Pictures aside, the output must consist of the lines from the one containing "A portrait of" through the end of the data, reproduced exactly.

── Supplied records

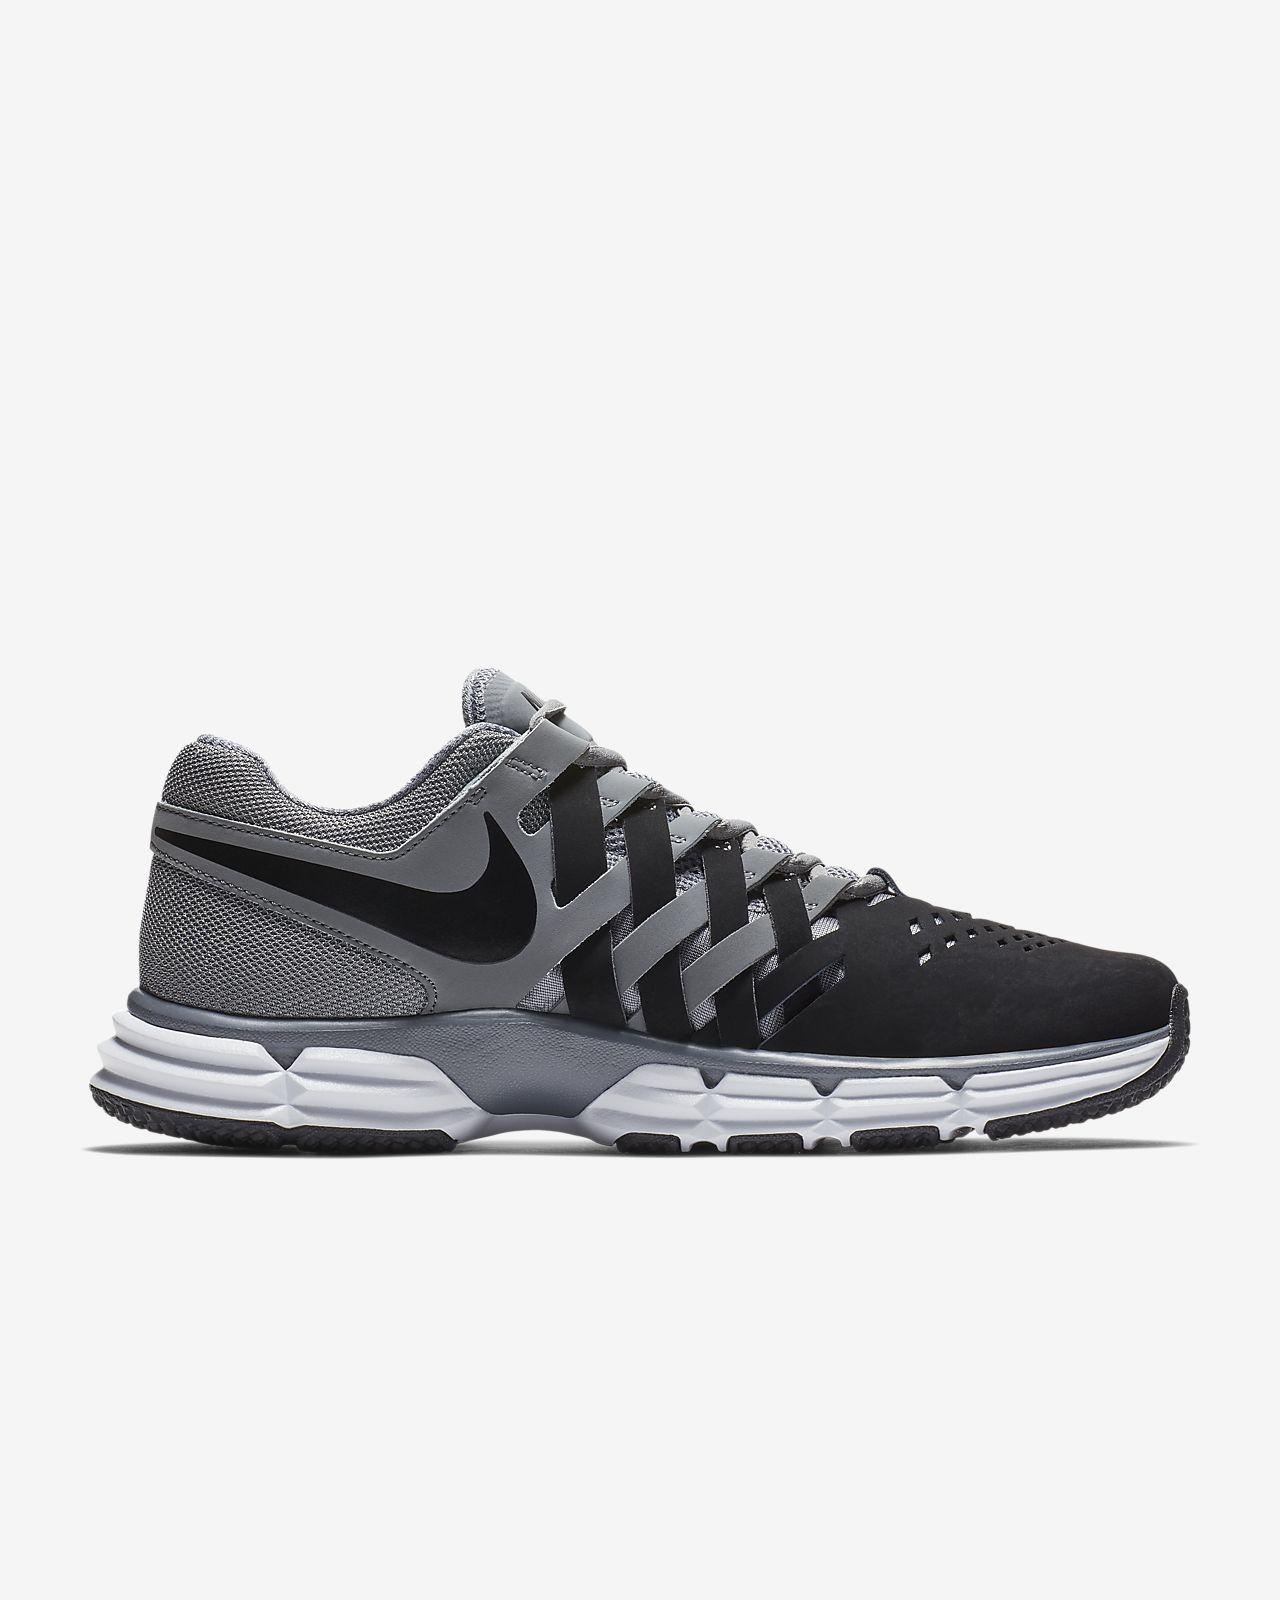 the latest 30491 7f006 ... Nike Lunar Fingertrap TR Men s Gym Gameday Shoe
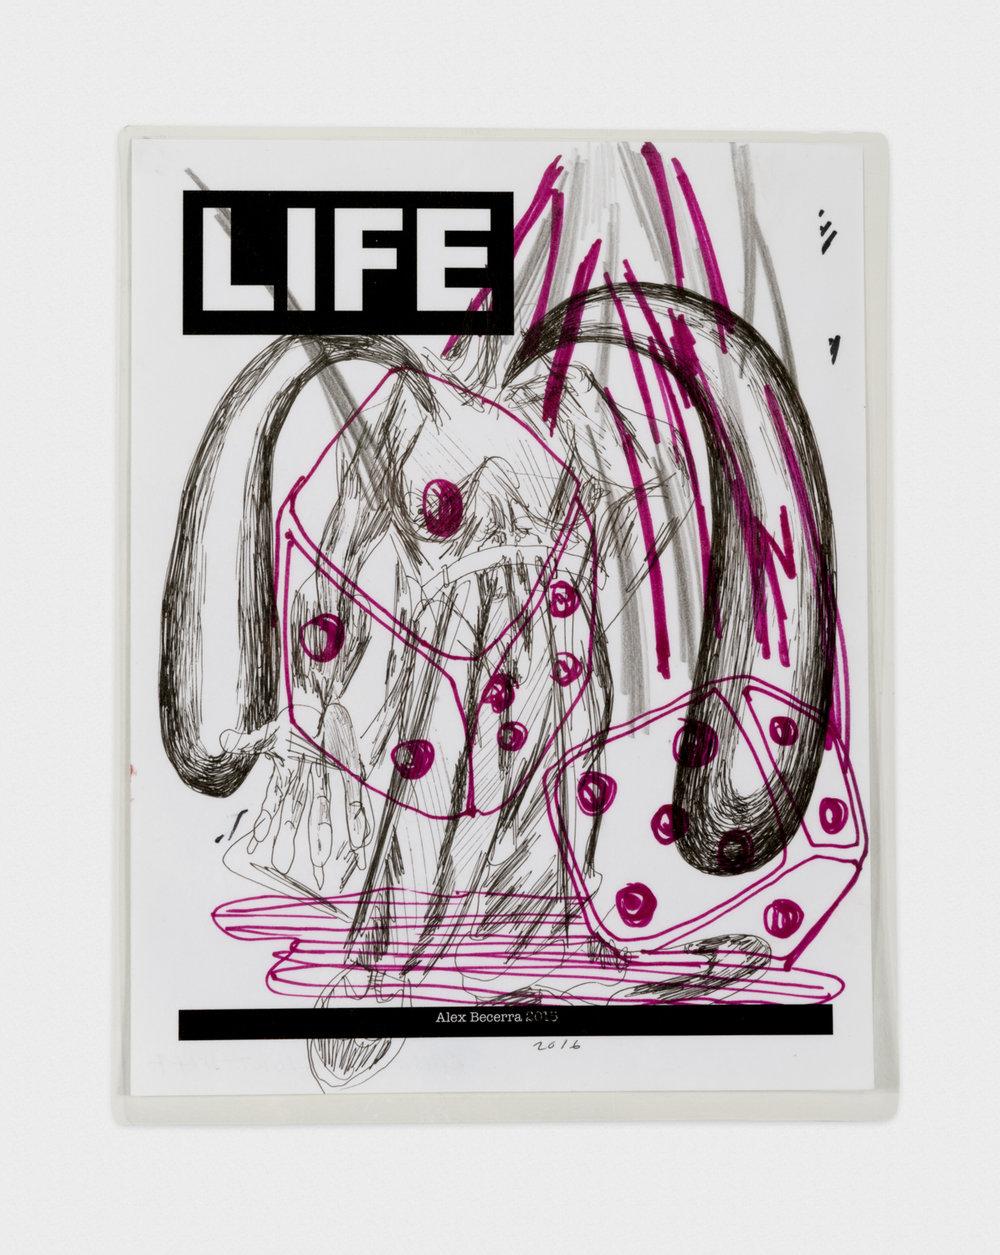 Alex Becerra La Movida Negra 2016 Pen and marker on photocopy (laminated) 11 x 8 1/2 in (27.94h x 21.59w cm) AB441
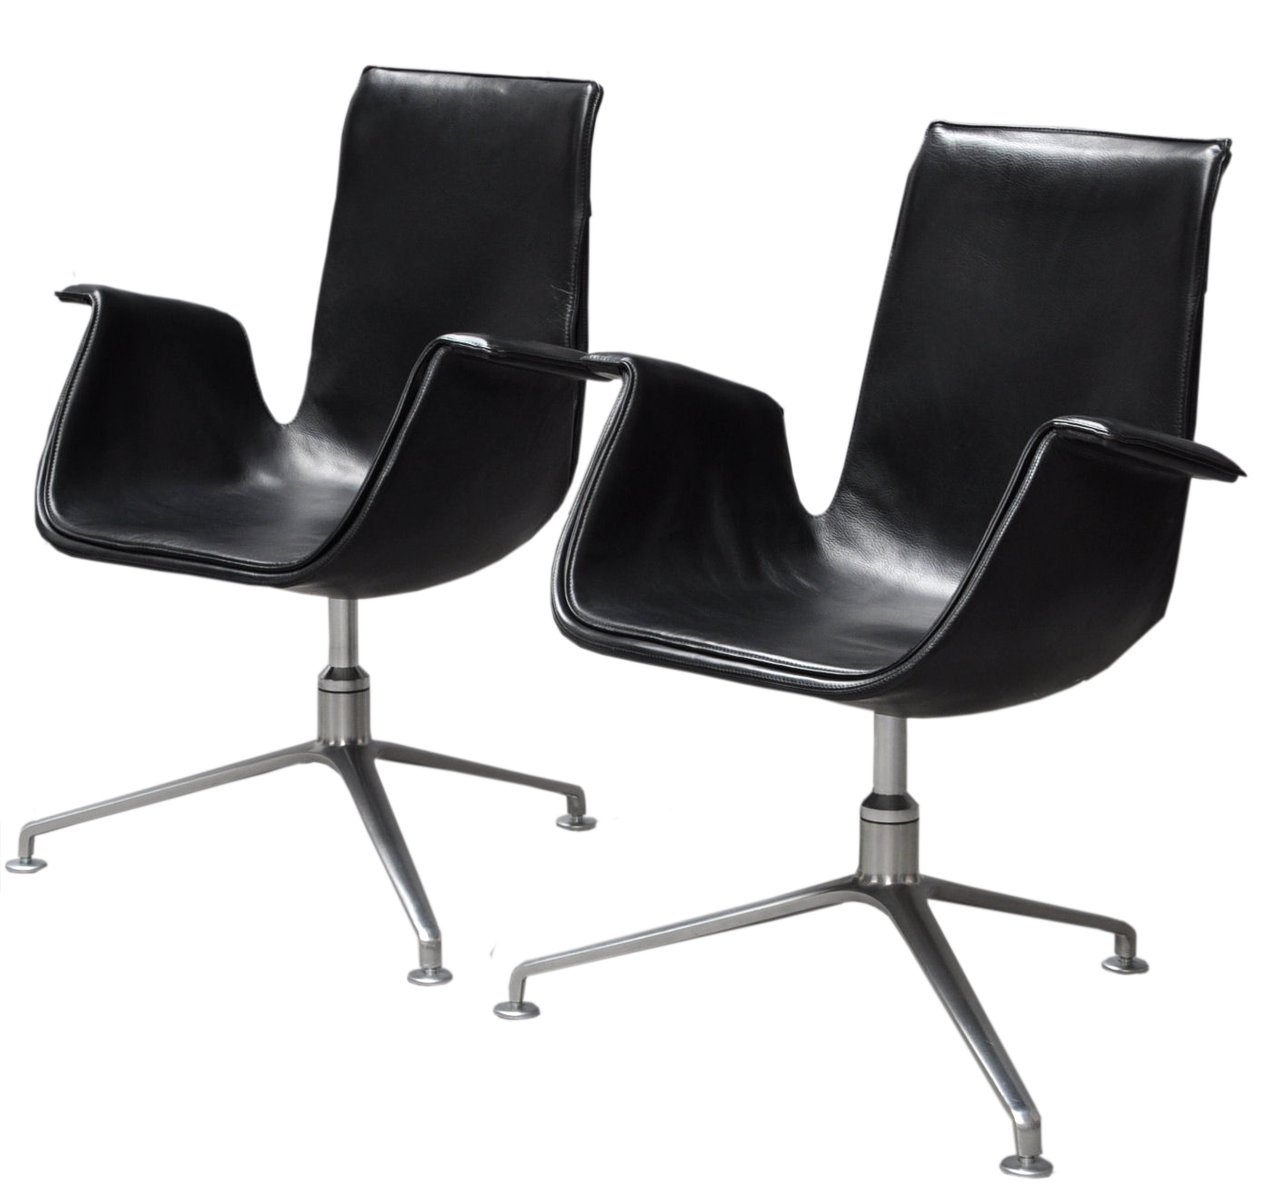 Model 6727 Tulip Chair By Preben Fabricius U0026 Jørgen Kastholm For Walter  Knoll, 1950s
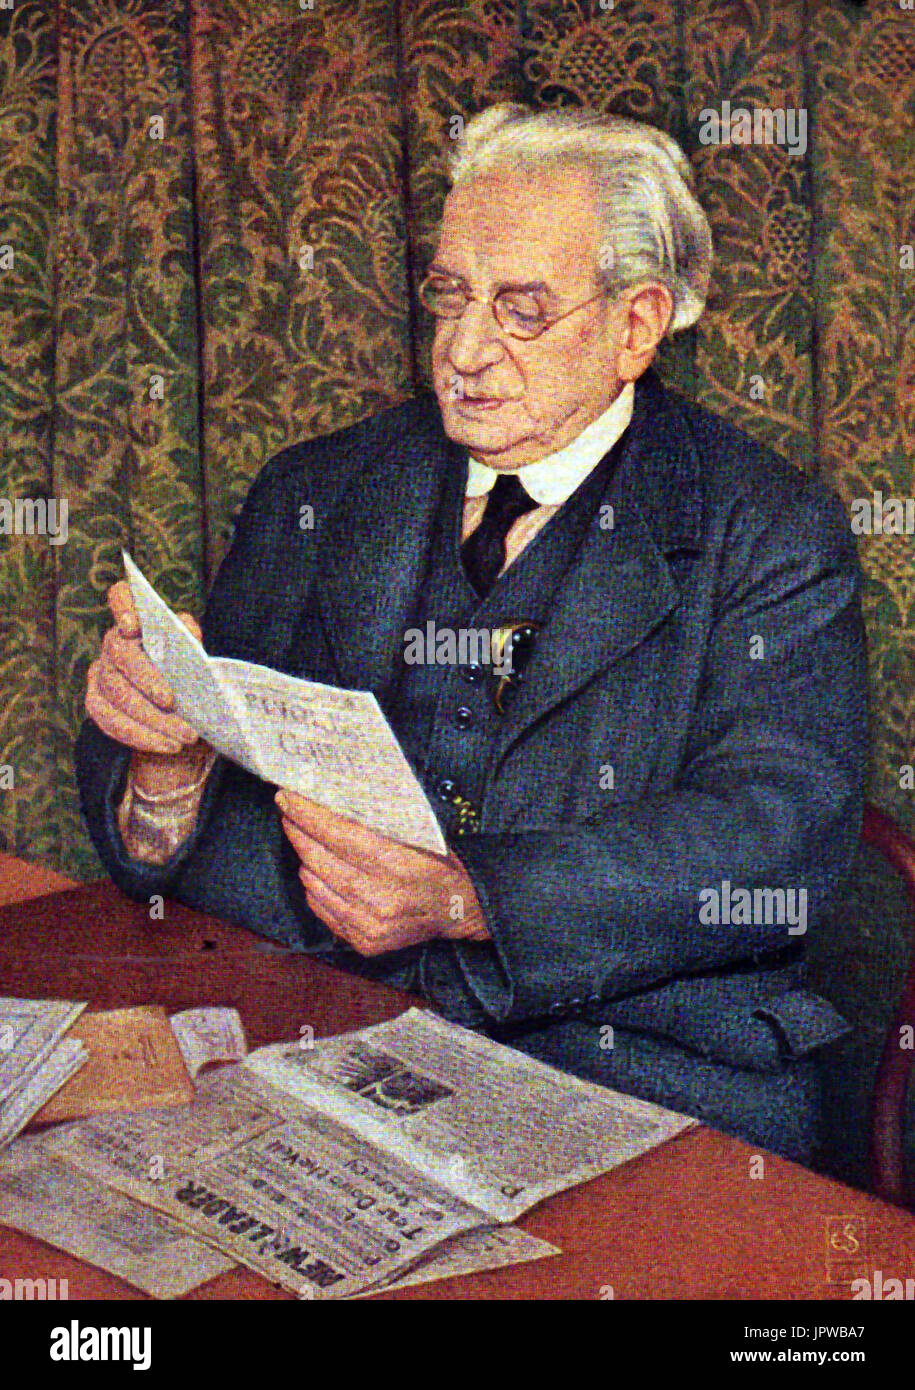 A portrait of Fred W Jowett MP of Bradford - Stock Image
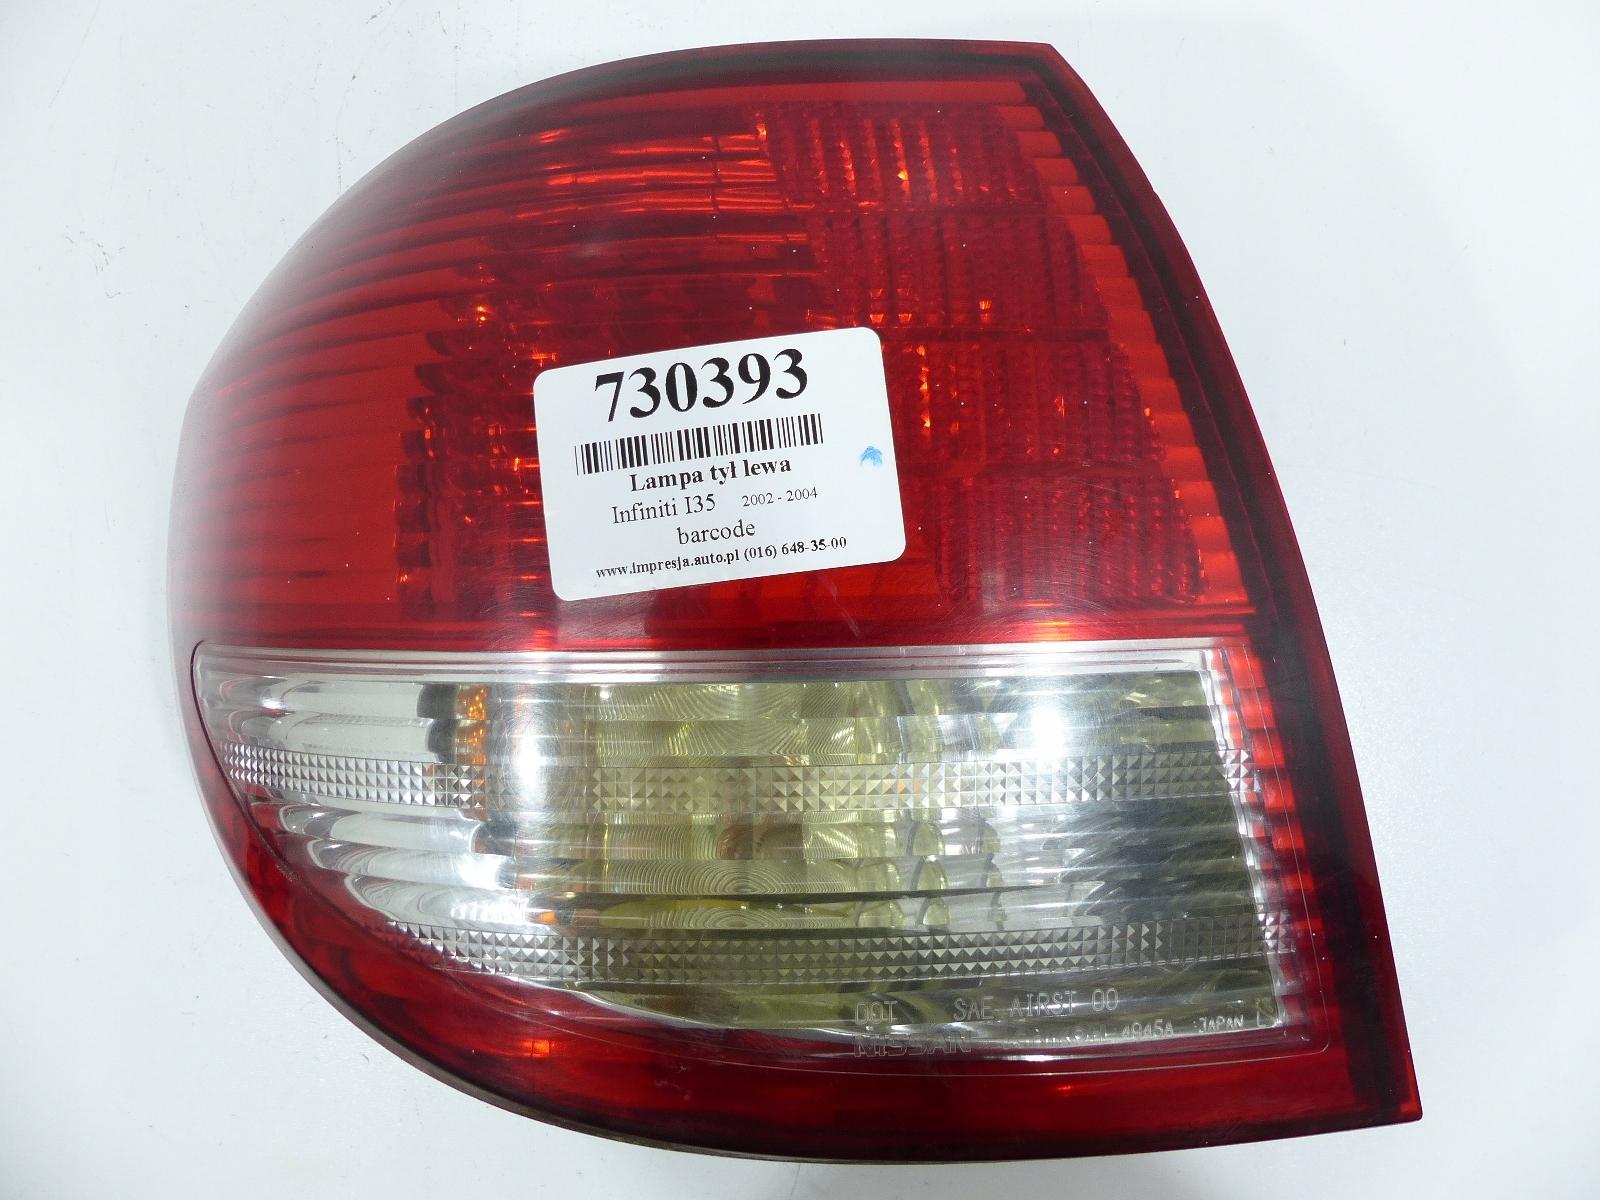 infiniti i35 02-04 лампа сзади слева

────

Finished exercise:
 A portrait of Fred W Jowett MP of Bradford - Stock Image
 infiniti i35 02-04 лампа сзади слева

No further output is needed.